计划……可还要继续?
不继续,他倒是可以阐明现状,收拢柳泽雷,可柳泽雷心有七窍,有豁出性命都要保护的人,未必会信任他这个素未谋面的王爷,而兵器案背后必有高位靠山,他这个肃王久未归京,一直被有心人造谣要篡位……
他也并不是全然信柳泽雷,这个捕头,真的只是在侧观察,并未与这个链条有关么?这个时间点回来,本就有些微妙。
坦诚局迎来的未必是信任,自己人的勾心斗角,只会事倍功半。
继续的话,自己就得演这位蕴公子了……
短短一瞬,殷归止想了很多,两个方向不同的问题和策略,该怎样应对解决,还有自己的现状。
他喜欢效率,做事从不会拖泥带水。
密信上的时间还有一个月,一个月的时间,足够他布局查探,若这柳泽雷果真清白,心系家国,他自有厚赐。
他伸手打开门。
柳拂风跪在搓衣板上,仰脸丧眉,可怜兮兮:“卿卿我错了,不该唐突你!虽信上有过约定,初见要如故旧,我也不该如此情难自抑……”

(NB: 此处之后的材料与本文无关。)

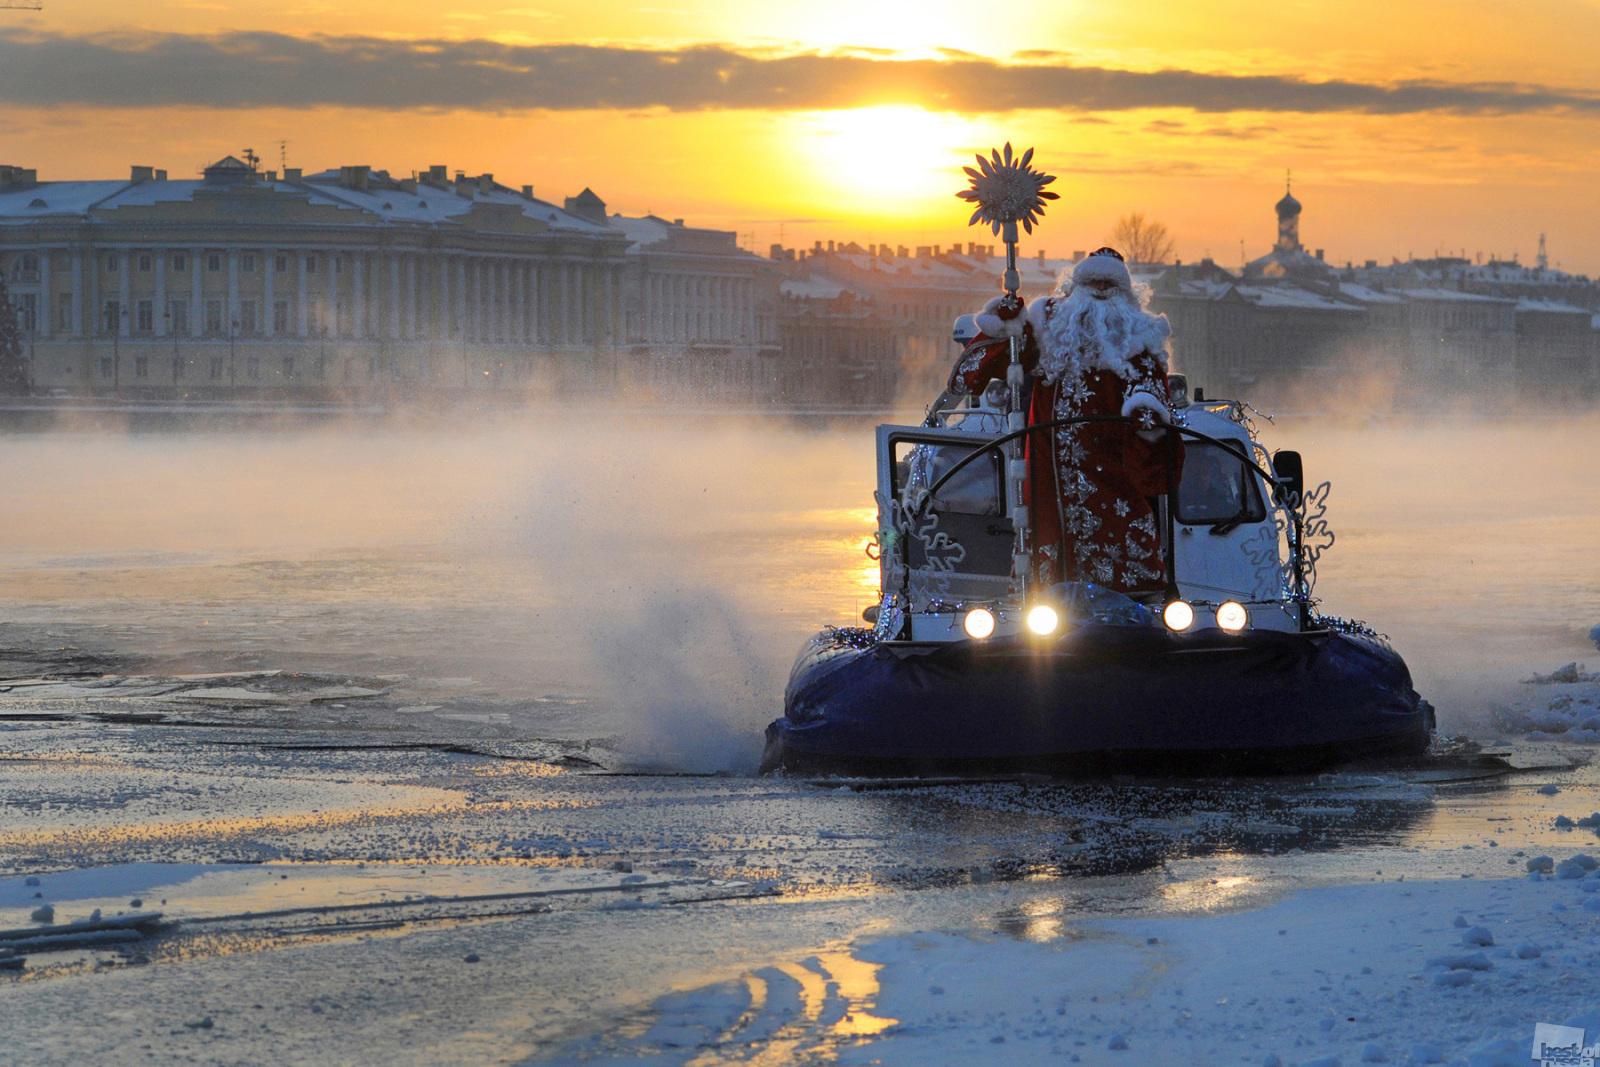 大晦日、雪に覆われたネヴァ川を超えてサンクトペテルブルクにやってくるヴェリーキー・ウスチュグのマロースじいさん(ロシア版サンタクロース)。

殷归止第一眼就看到了他跪在搓衣板上的膝盖,外袍,折起来的裤布,给自己罚跪还要多垫两层软布,鸡贼的很。
不过他指尖泛白,无意识捻着衣角,眉眼肌肉绷紧,唇齿下意识用力……他在紧张,很紧张,而且非常忐忑,担心自己不被原谅。
初次见面就干出这样的事,是该紧张。
殷归止看过柳泽雷盒子里的信,都是蕴公子的回信,字里行间的氛围显现,柳泽雷就是这样的人,热忱赤诚,敢说敢干,有很多优点,唯有哄人时,会歪缠会耍赖,哄着蕴公子说情话时尤甚……小情侣的把戏罢了。
蕴公子不会舍得责怪柳泽雷。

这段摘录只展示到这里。